This Small Business Innovation Research (SBIR) Phase II research project is aimed at developing devices for the detection of terahertz (THz) signals and a spectrometer based on these devices. To date, the lack of suitable electronic devices have made the THz region of the electromagnetic spectrum inaccessible except by use of large and costly scientific instruments. The aim is to develop a simple, low-cost, low-power receiver which will make this important region accessible. The three critical components of the THz heterodyne receiver are an antenna, microbolometer/mixer and quantum cascade laser which functions as a local oscillator. With these novel components it is possible to develop a portable, field-deployable THz spectrometer capable of monitoring a wide variety of gases in its vicinity. The high-sensitivity spectrometer will allow rapid identification of chemicals and remote sensing of gases for environmental, global warming, and homeland security applications.

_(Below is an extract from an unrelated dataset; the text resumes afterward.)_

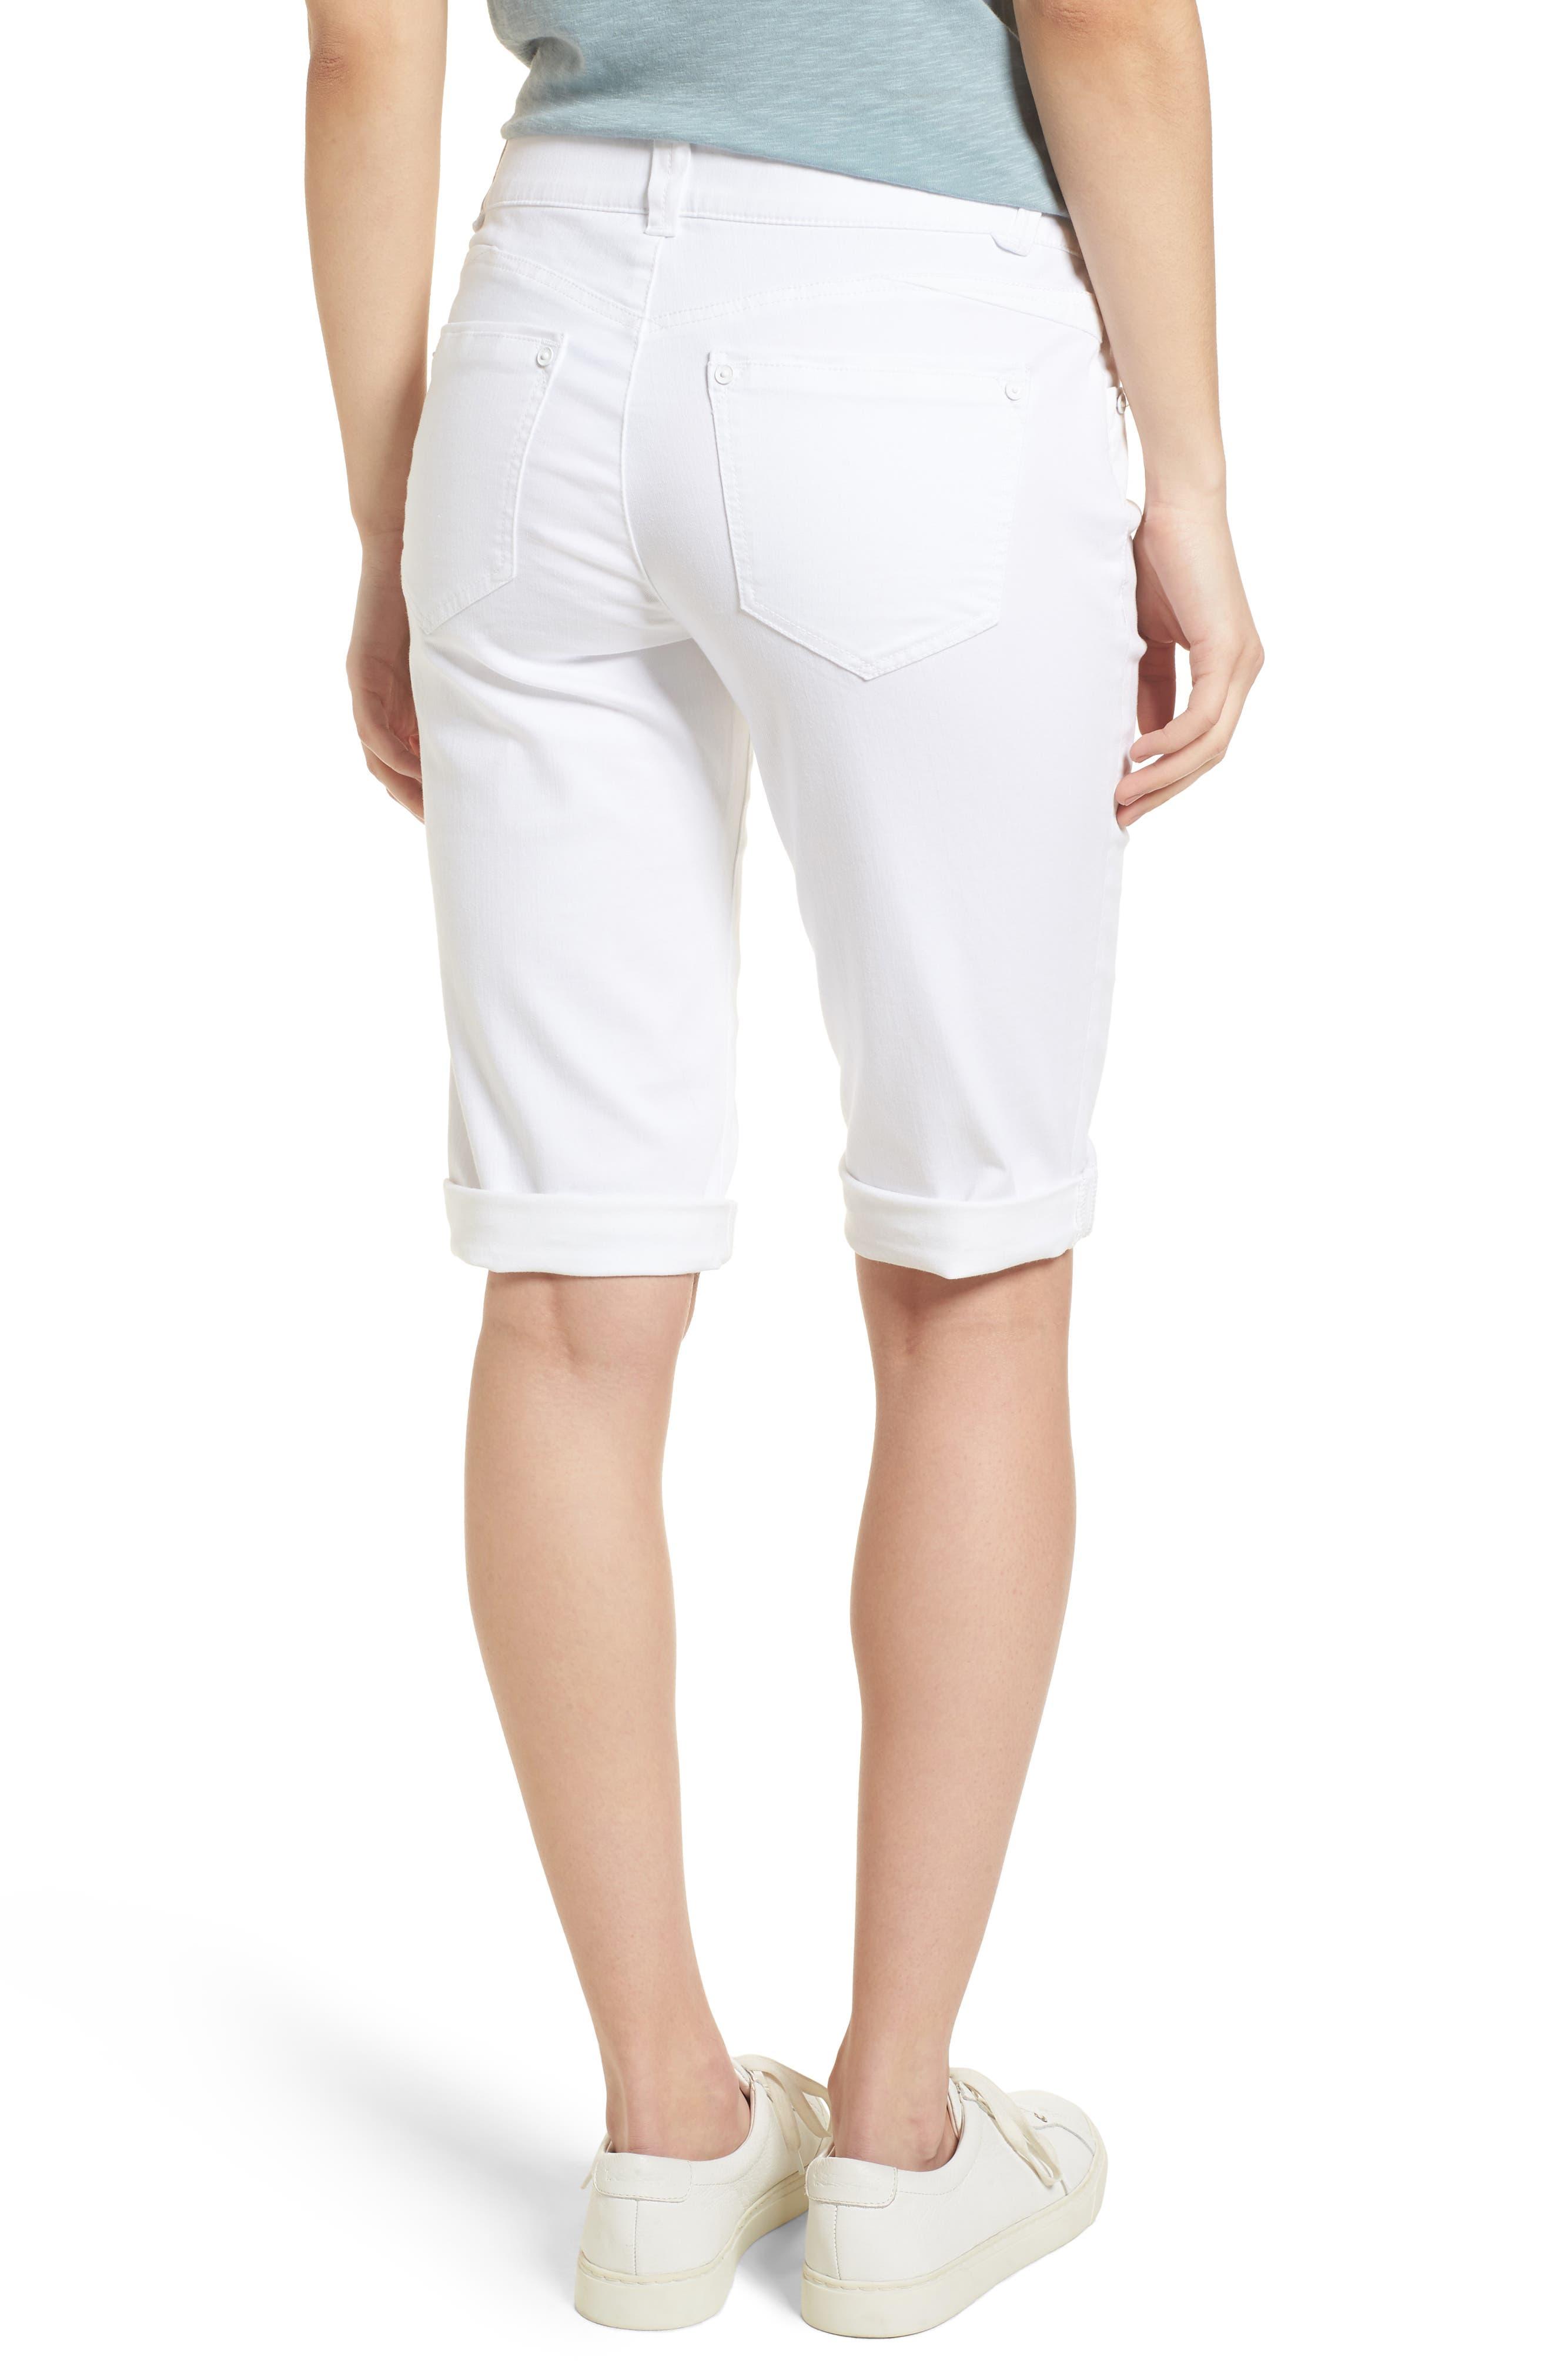 Ab-solution White Bermuda Shorts,                             Alternate thumbnail 2, color,                             OPTIC WHITE
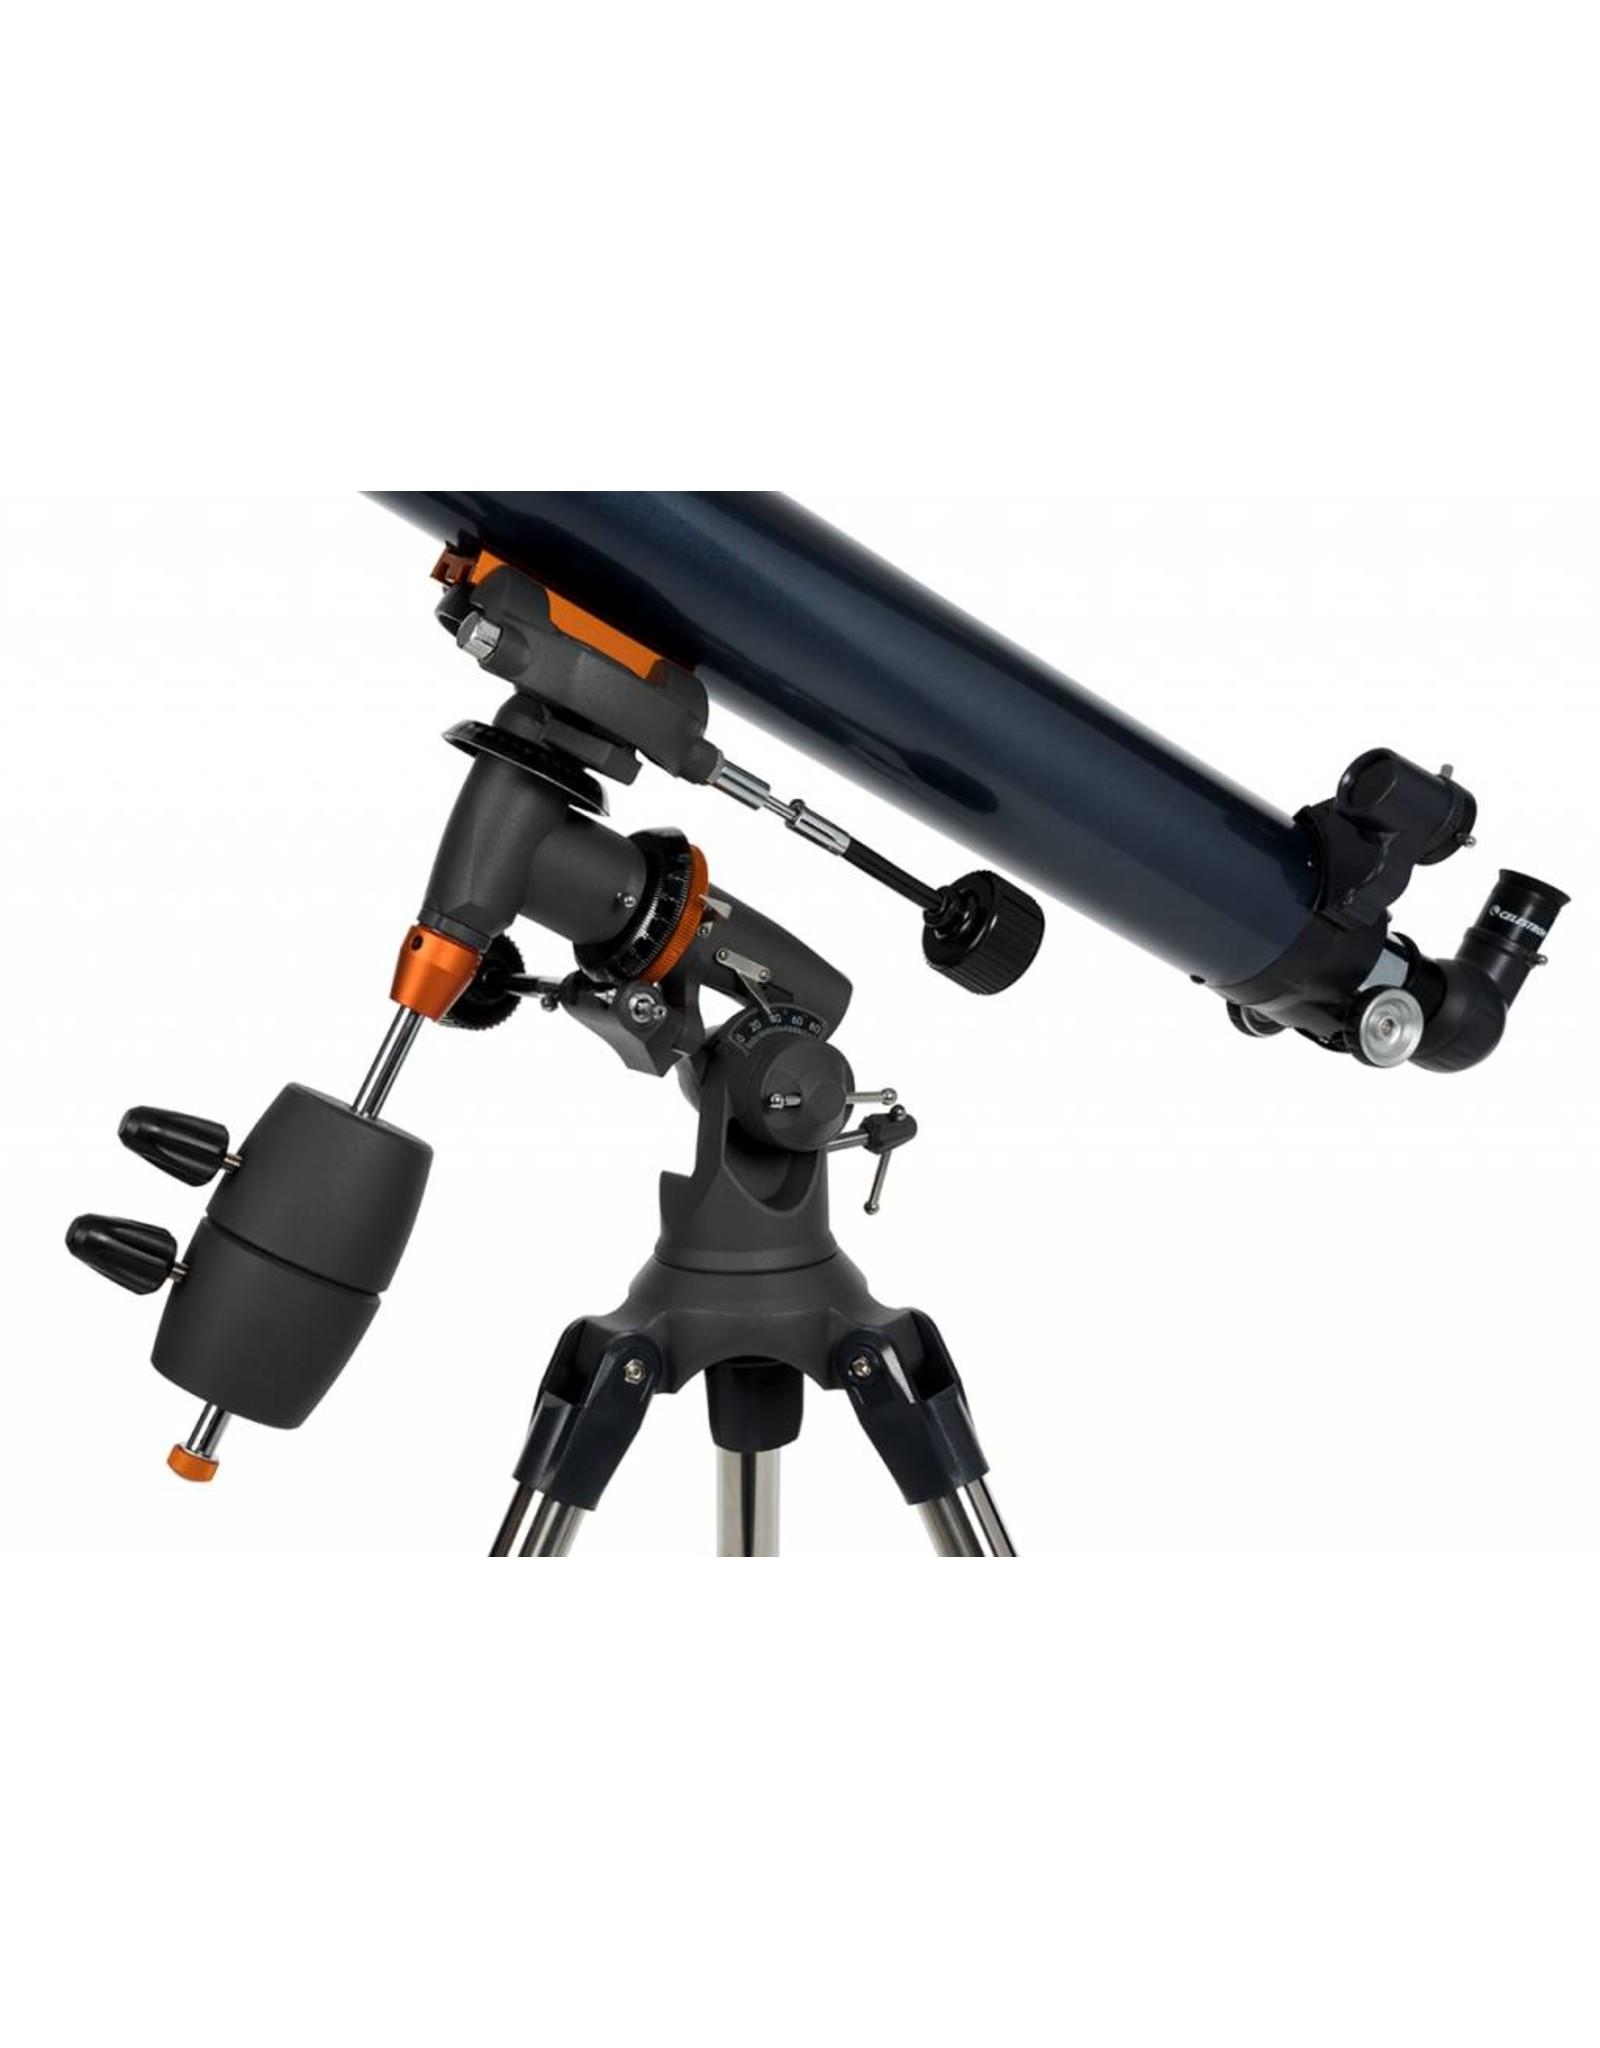 Celestron Celestron AstroMaster 90EQ Refractor

The broader impacts of this research are that the THz receiver, which has high sensitivity and high spectral resolution not achievable with existing devices, can be used in a much wider variety of imaging and screening devices. THz screening of personnel is non-invasive and harmless. Explosives and biological agents can be detected and identified even if concealed in clothing and suitcases because the THz radiation is transmitted through clothing and luggage. The proposed receiver also has a potential of providing THz imaging of biological materials and broad-band transmitting of digital signals.
The development of the tunable receiver for the terahertz band consisted of combining several components into a front end similar to a conventional heterodyne receiver except for the extremely high frequency response in the Thz region. The receiver consists (see figure) of an antenna, and integrated local oscillator and mixer. The output is processed by readily available electronics operating in MHz and GHz amplifier, demodulator and signal processor. The mixer consists of a hot electron bolometer, based on a novel 2-D electronic gas structure with ultrafast response. We were able to demonstrate that the hot electron bolometer technology can be extended from films of superconductors to low-dimensional semiconductor structures operating at higher temperatures. The local oscillator, which provides a reference frequency in the THz region, consists of a quantum cascade laser. Both a ring laser configuration and dual midIR were tested. The application of the receiver is for the identification of chemical vapors and biological agents by means of their unique spectra. The THz detection technique has significant potential for the remote monitoring of public and industrial facilities for toxic industrial chemicals, chemical agents, and explosives. Specifically heterodyne sensing enables information about both amplitude and phase of the radiation to be recovered. In THz spectroscopy, the heterodyne receiver enables the sampling of a very large number of spectrum channels simultaneously, in contrast to direct detection where one channel at a time only is analyzed. In this way, heterodyne sensing drastically decreases the data acquisition time and significantly improves the resolution. The receiver has these desirable features: [1] high sensitivity (low noise), [2] broad spectral coverage, [3] low local oscillator power, [4] low cost using available fabrication technologies, [5] good impedance matching to antenna and IF amplifier output and [6] Feasibility for imaging applications.